(Exercise objective):
In the entries that follow, find the line containing "Computer Games - ULTRA"; from there, copy every line exactly through the line containing "112 emergency number".

(Extracted entries):

*** Block opens ***

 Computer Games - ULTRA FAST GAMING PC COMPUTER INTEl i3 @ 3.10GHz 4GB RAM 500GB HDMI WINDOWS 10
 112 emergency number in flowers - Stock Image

*** Block closes ***
*** Block opens ***

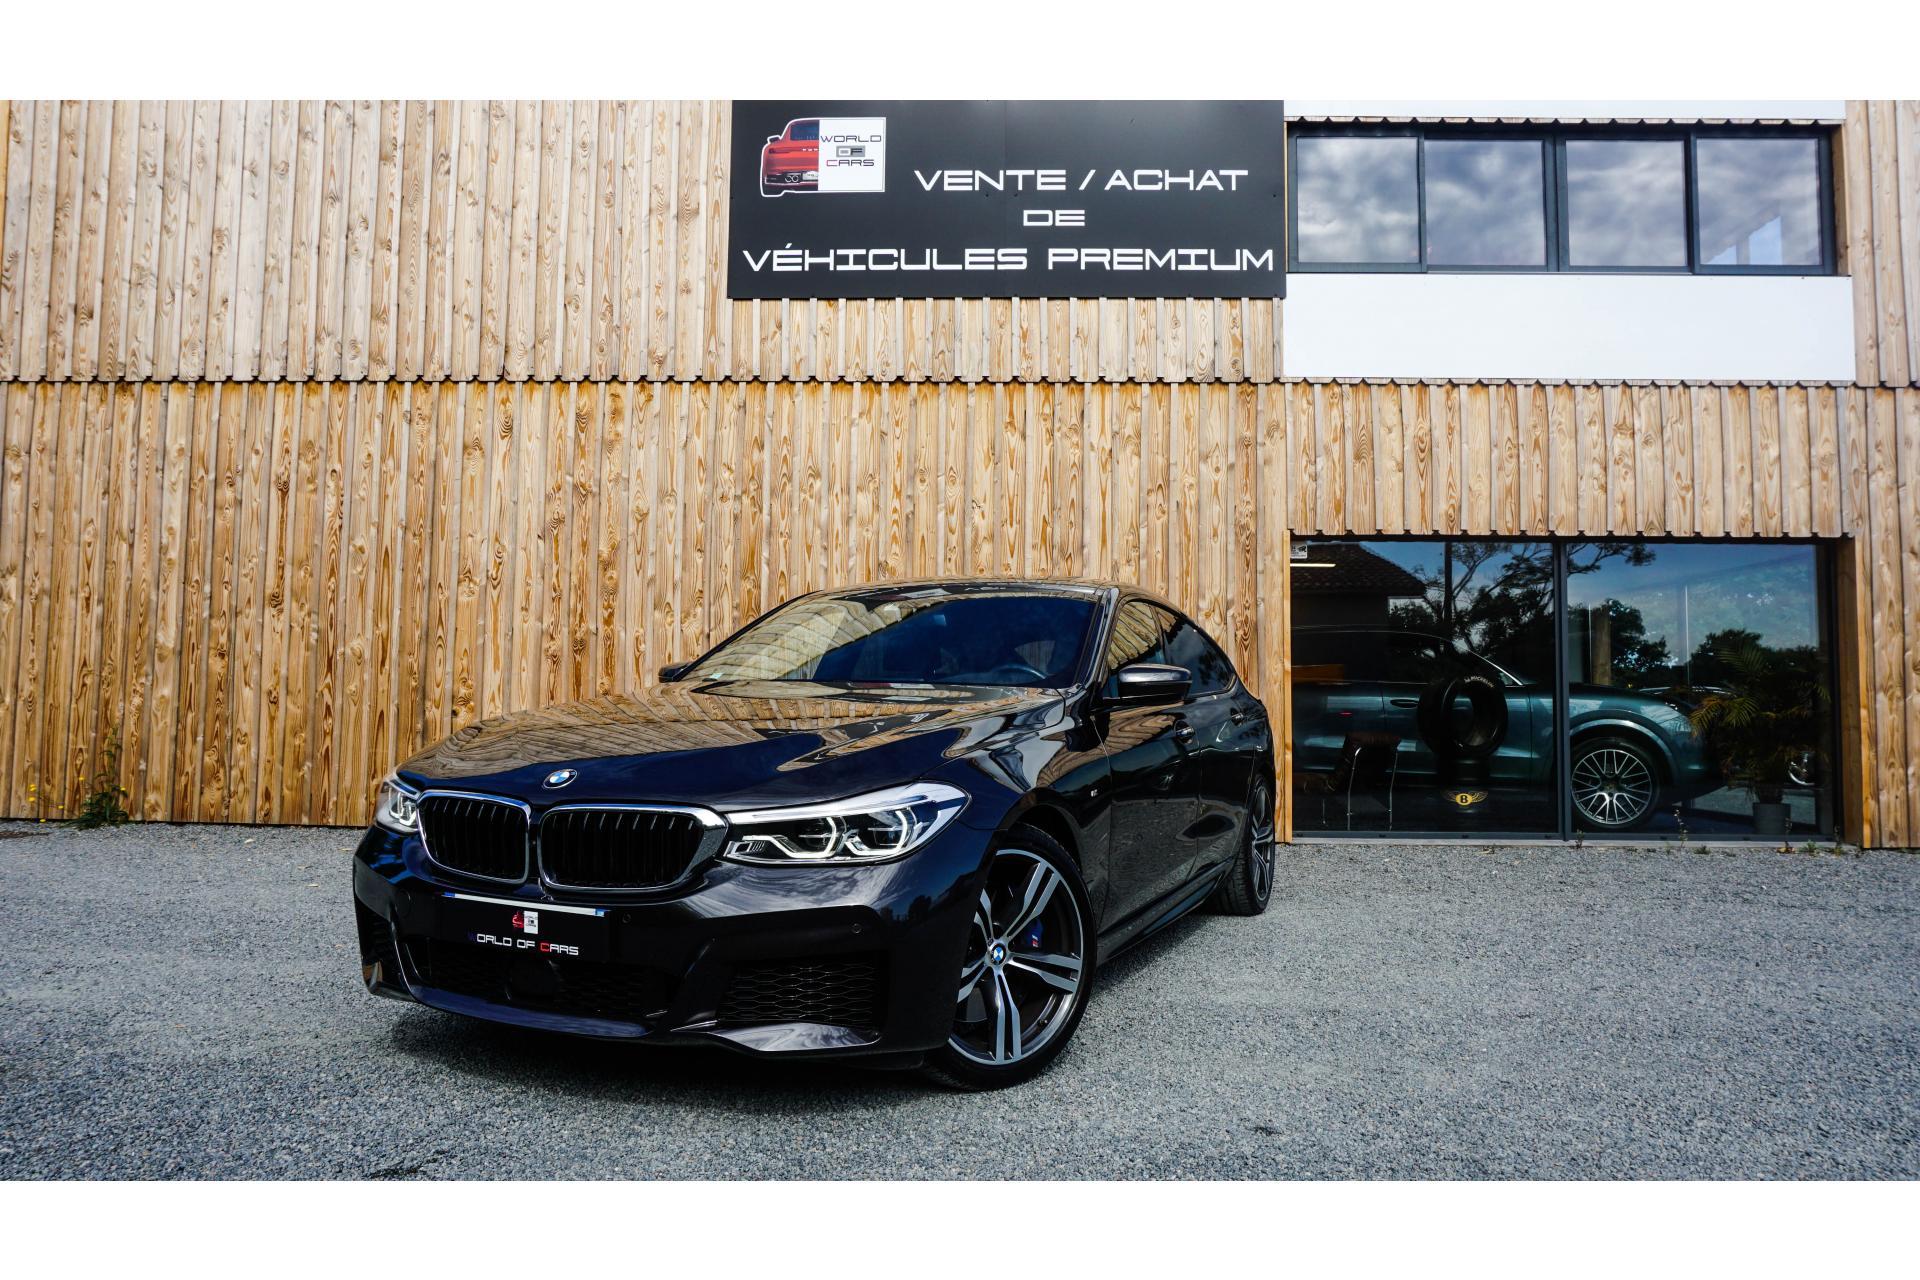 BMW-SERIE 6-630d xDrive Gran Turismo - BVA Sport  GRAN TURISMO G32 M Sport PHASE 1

*** Block closes ***
*** Block opens ***

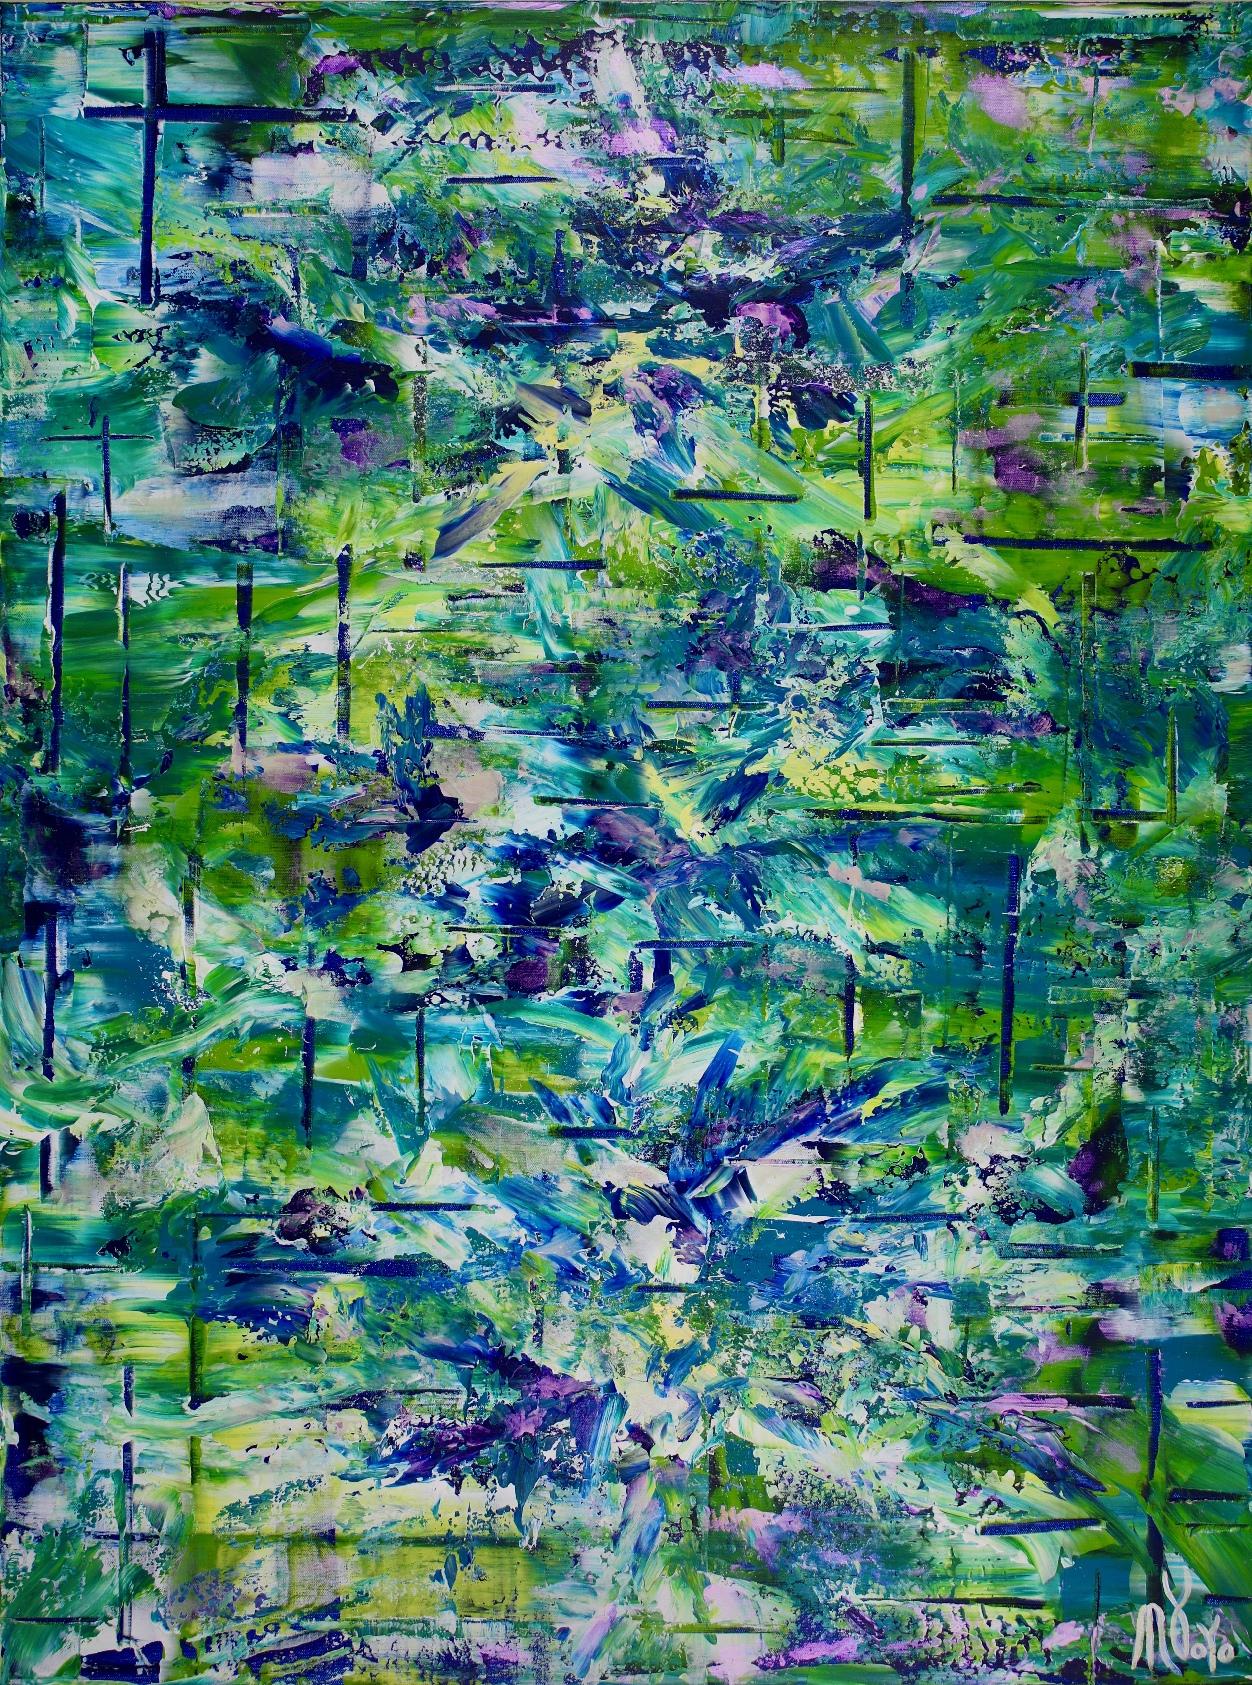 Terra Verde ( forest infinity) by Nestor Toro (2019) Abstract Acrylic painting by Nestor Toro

*** Block closes ***

(Answer space):
 Computer Games - ULTRA FAST GAMING PC COMPUTER INTEl i3 @ 3.10GHz 4GB RAM 500GB HDMI WINDOWS 10
 112 emergency number in flowers - Stock Image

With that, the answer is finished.